Complete filmography

 Turn of the Tide (1935) – John Lunn
 The Crimson Circle (1936) – Jack Beardmore
 Debt of Honour (1936) – Lt. Peter Stretton
 Ourselves Alone (1936) – Terence Elliott 
 The Luck of the Irish (1936) – Derek O'Neill
 The Edge of the World (1937) – The Gray Family: Andrew, His Son
 The Last Adventurers (1937) – Jeremy Bowker
 Spring Meeting (1938, TV Movie) – Michael Byrne
 Mountains O'Mourne (1938) – Paddy Kelly
 East of Piccadilly (1941) – Joe
 49th Parallel (1941) – Vogel
 The Day Will Dawn (1942) – Olaf
 We Dive at Dawn (1943) – Torpedo Gunner's Mate – C/P.O. Mike Corrigan
 Undercover (1943) – Dr. Jordon
 The Demi-Paradise (1943) – Man on ship-dedication stand (uncredited)

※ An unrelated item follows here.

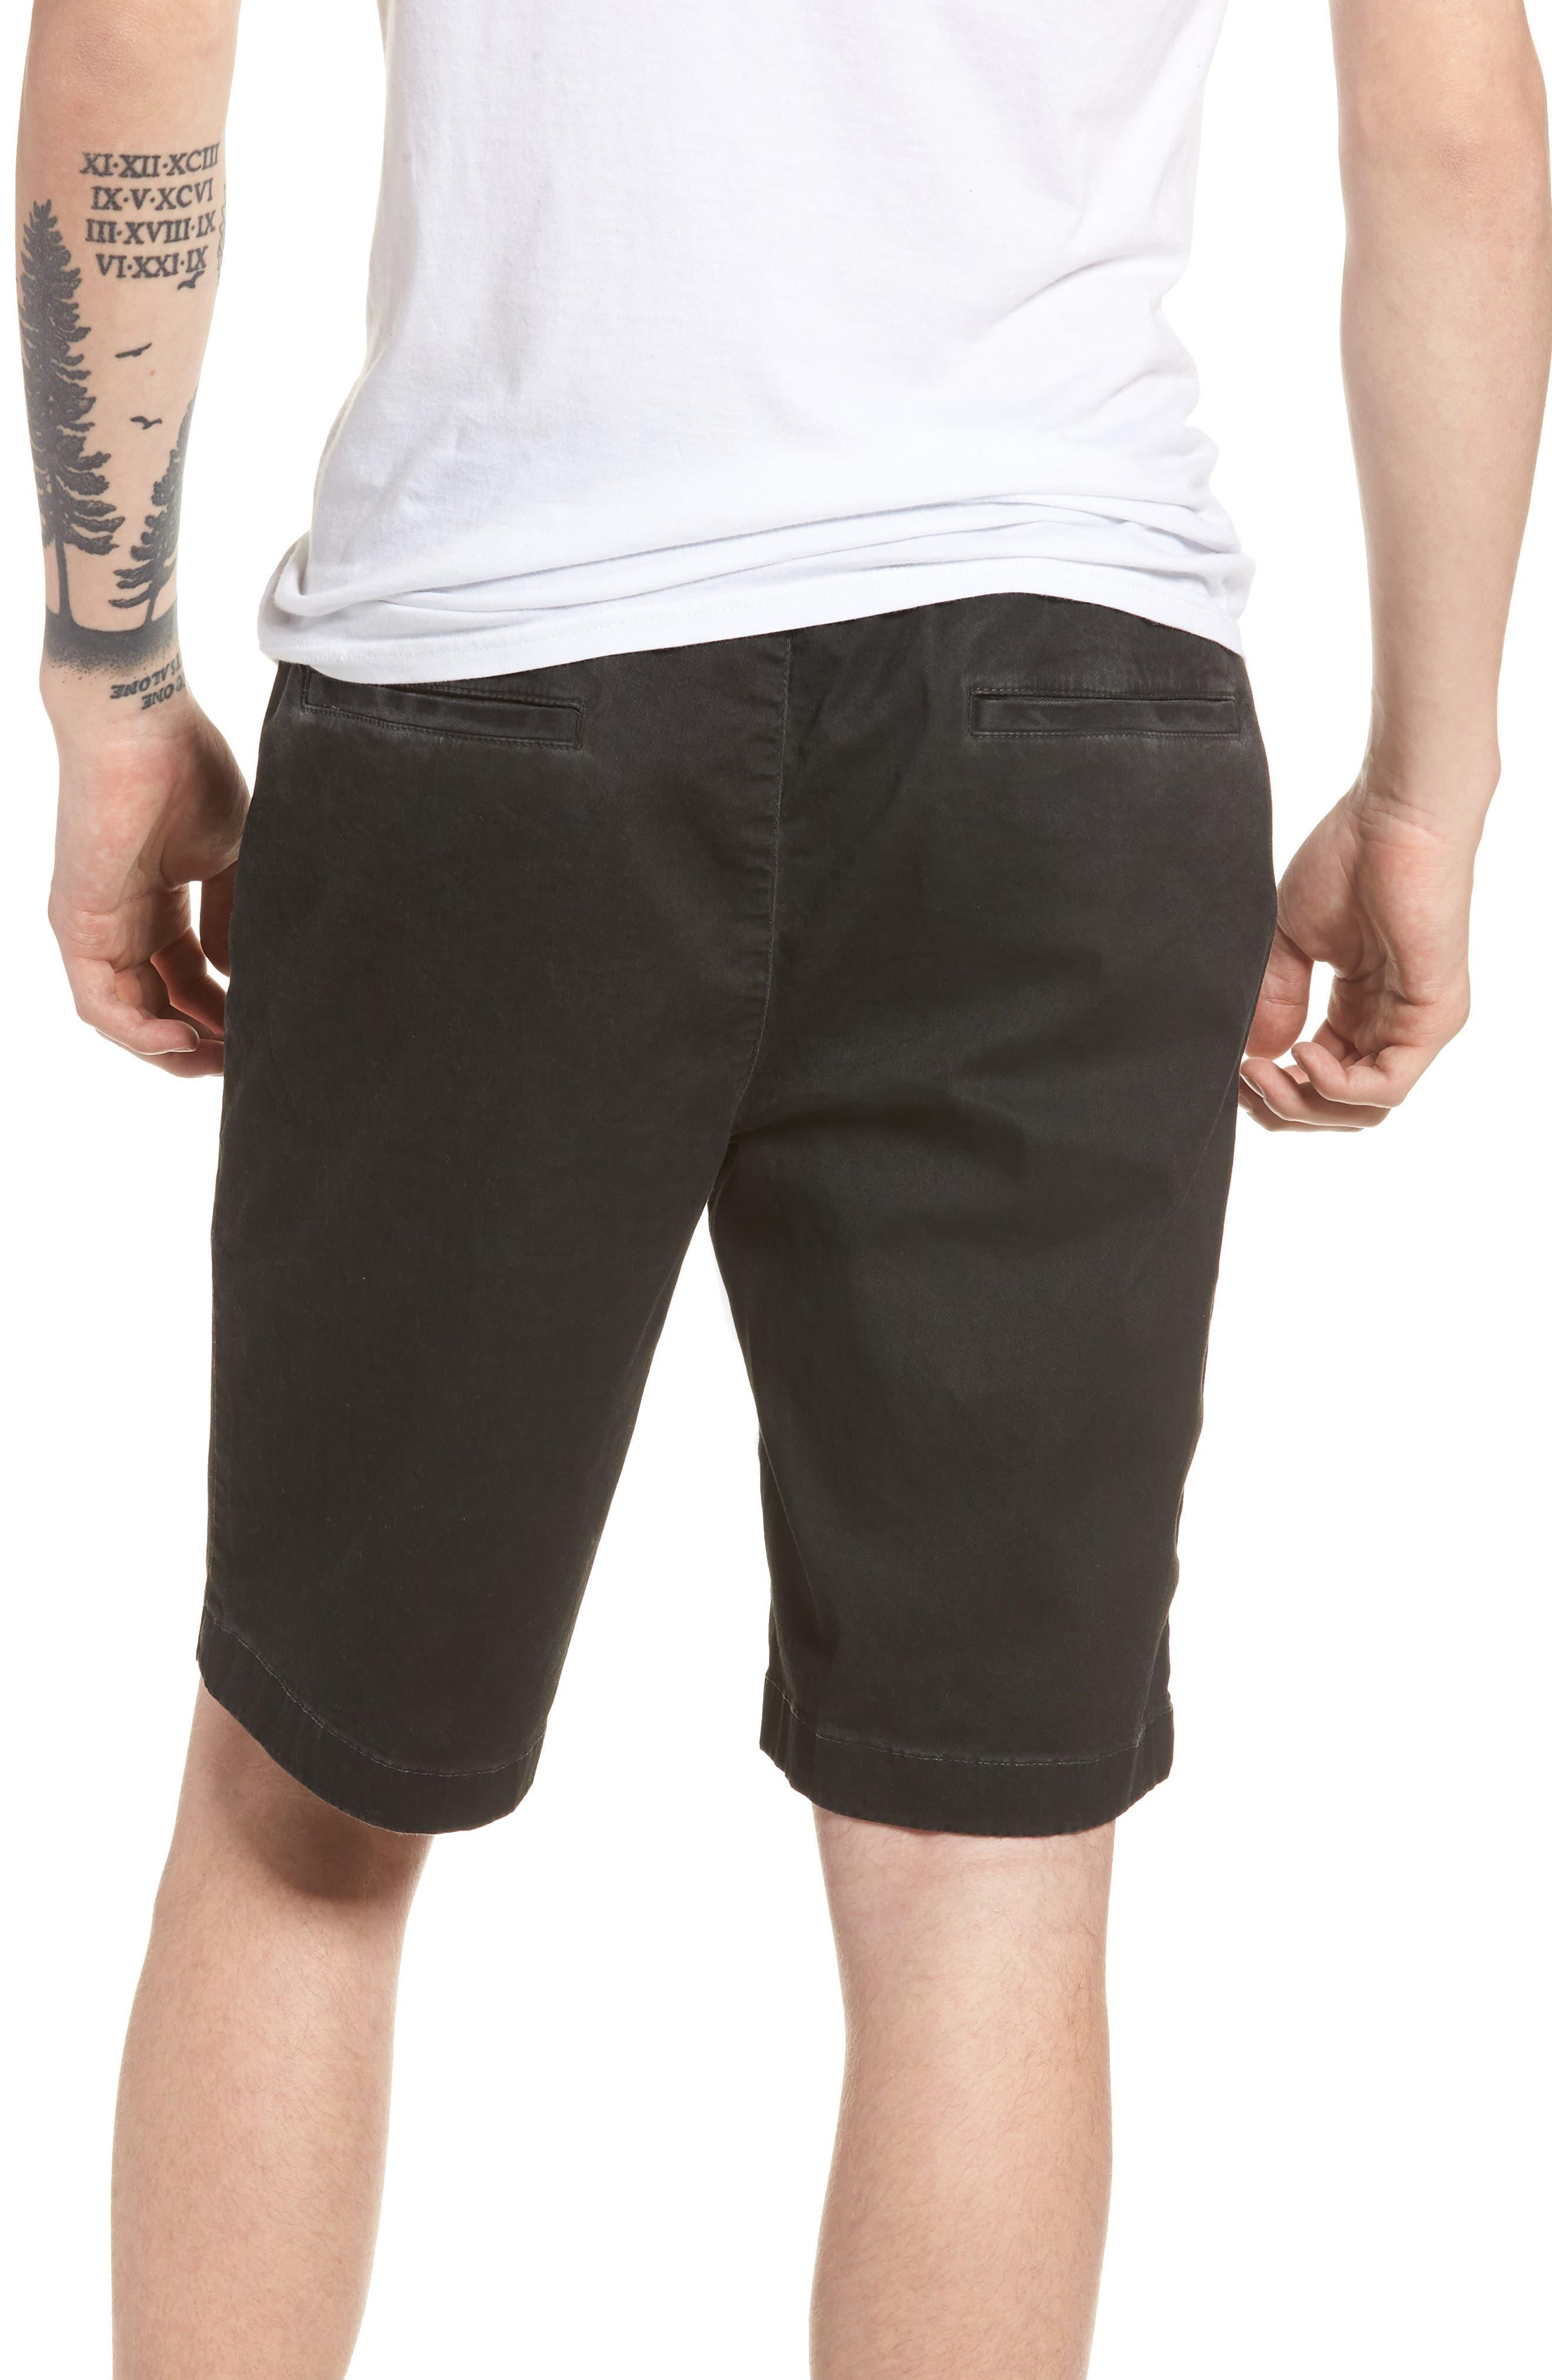 Pigment Dye Volley Shorts,                             Alternate thumbnail 2, color,                             Grey Onyx

 The Hundred Pound Window (1944) – Chick Slater
 Tawny Pipit (1944) – Jimmy Bancroft
 Henry V (1944) – Macmorris – Irish Captain in the English Army
 Captain Boycott (1947) – Mark Killain
 Death at Newtownstewart (1948, TV Movie) – District Inspector Montgomery
 Anna Karenina (1948) – Levin
 Hamlet (1948) – Sea Captain
 No Room at the Inn (1948) – O'Rane
 Christopher Columbus (1949) – Juan de la Cosa
 Diamond City (1949) – Hans Muller
 Which Will Ye Have? (1949, Short) – Barabbas
 Chance of a Lifetime (1950) – Baxter
 Talk of a Million (1951) – Tom Cassidy
 No Highway in the Sky (1951) – Captain Samuelson, Pilot (uncredited)

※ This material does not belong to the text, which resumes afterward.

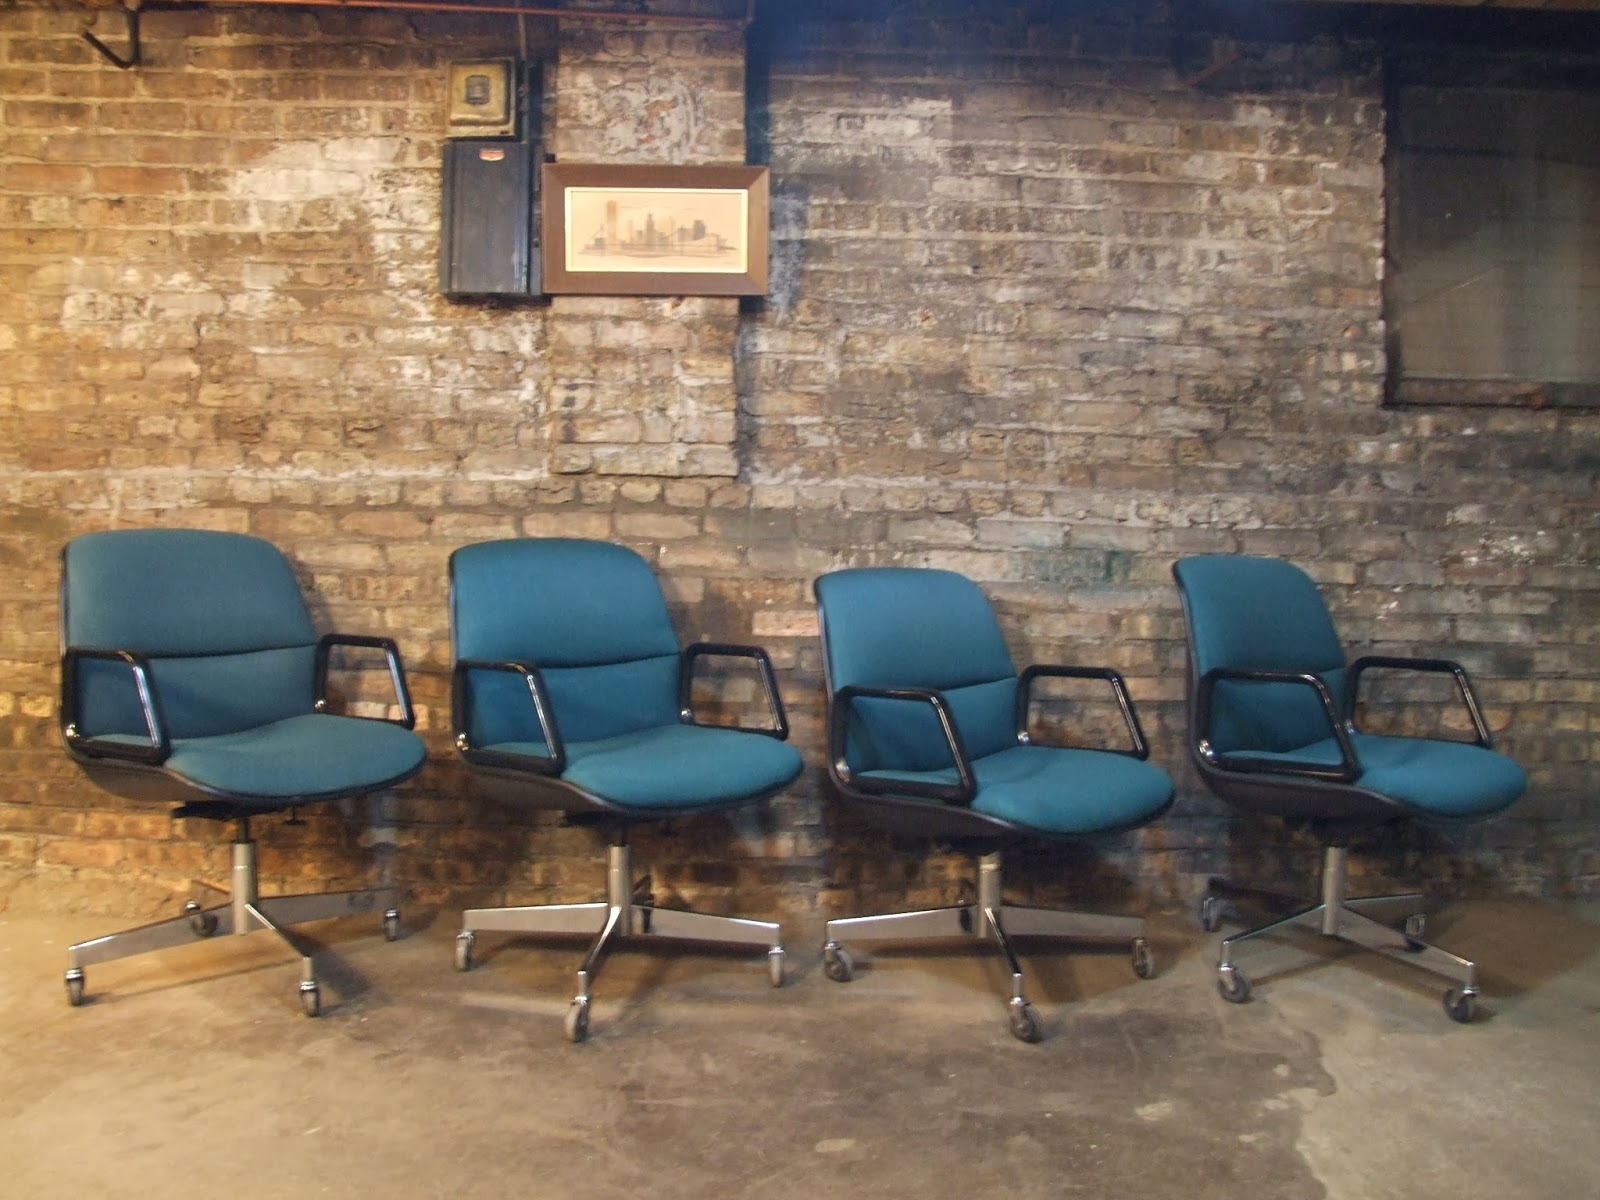 Mid Century Chicago Set of 4 AllSteel Desk Chairs

 Murder in the Cathedral (1951) – Herald
 Martin Luther (1953) – Martin Luther
 Knights of the Round Table (1953) – Green Knight
 Hell Below Zero (1954) – Dr. Howe
 Conflict of Wings (1954) – Harry Tilney
 Betrayed (1954) – "Blackie"
 Special Delivery (1955) – Sidney
 Helen of Troy (1956) – Menelaus
 Alexander the Great (1956) – Parmenion
 Lust for Life (1956) – Roulin
 The Shiralee (1957) – Beauty Kelly
 Night of the Demon (1957) – Doctor Karswell
 She Didn't Say No! (1958) – James Casey
 Behind the Mask (1958) – Neil Isherwood
 The Nun's Story (1959) – Father Vermeuhlen (Leprosarium)

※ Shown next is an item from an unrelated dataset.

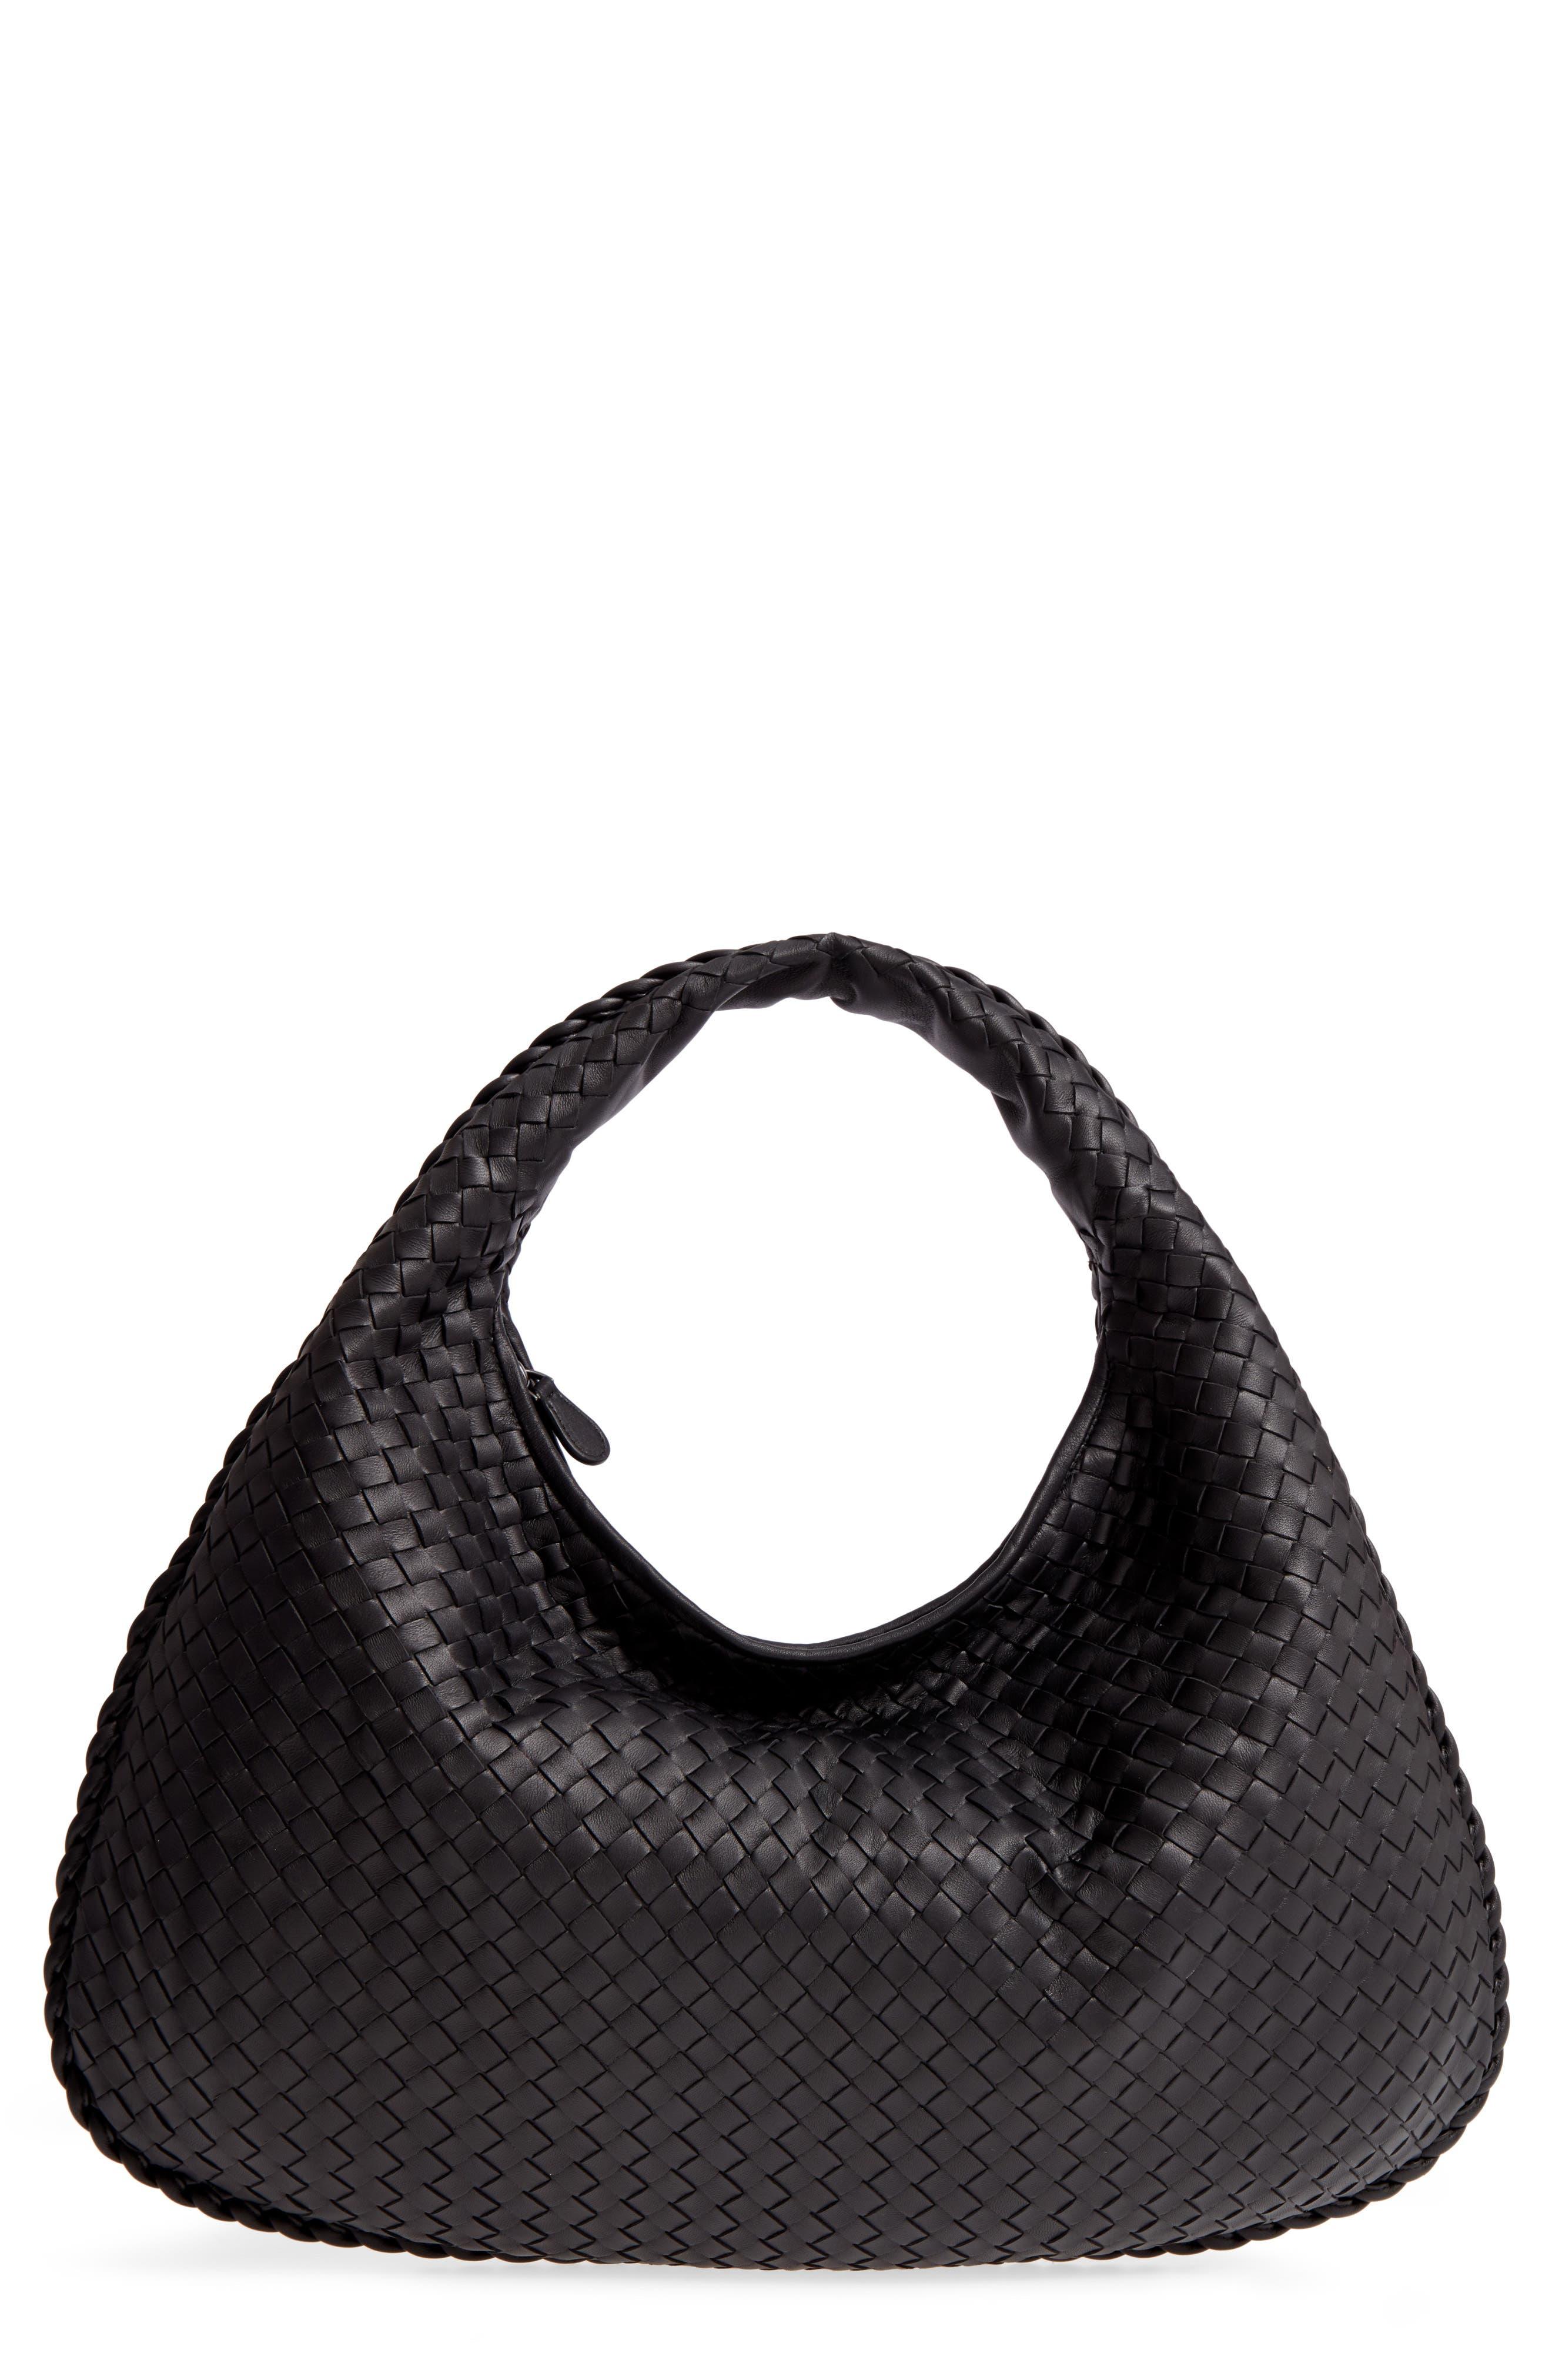 Large Veneta Leather Hobo,                             Main thumbnail 1, color,                             8175 NERO

 Shake Hands with the Devil (1959) – Michael O'Leary
 Tarzan's Greatest Adventure (1959) – Kruger 
 This Other Eden (1959) – Devereaux
 Kidnapped (1960) – Mr. Shuan
 Never Take Sweets from a Stranger (1960) – Defense Counsel
 A Terrible Beauty (1960) – Ned O'Neill
 In the Nick (1960) – Prison Governor
 Foxhole in Cairo (1960) – Radek
 Sword of Sherwood Forest (1960) – Friar Tuck
 Johnny Nobody (1961) – Defending Counsel Sullivan
 The Webster Boy (1962) – Headmaster
 Billy Budd (1962) – Nathaniel Graveling – Ship's Master, Rights of Man
 The Devil's Agent (1962) – Paul Vass
 The Playboy of the Western World (1963) – Old Mahon
 Jason and the Argonauts (1963) – Zeus
 The Man Who Finally Died (1963) – Brenner 
 Face in the Rain (1963) – Klaus
 Becket (1964) – Baron
 The Truth About Spring (1965) – Cleary
 The Spy Who Came in from the Cold (1965) – Checkpoint Charlie Guard
 The War Lord (1965) – Odins
 A Man Could Get Killed (1966) – Ship's Captain
 Island of Terror (1966) – Mr. Roger Campbell
 The Viking Queen (1967) – Tiberian
 Torture Garden (1967) – Dr. Silversmith
 The Shoes of the Fisherman (1968) – Capuchin Monk
 Krakatoa, East of Java (1969) – Harbor Master
 Sinful Davey (1969) – Boots Simpson
 The Kremlin Letter (1970) – Erector Set
 Darling Lili (1970) – Von Hindenburg (uncredited)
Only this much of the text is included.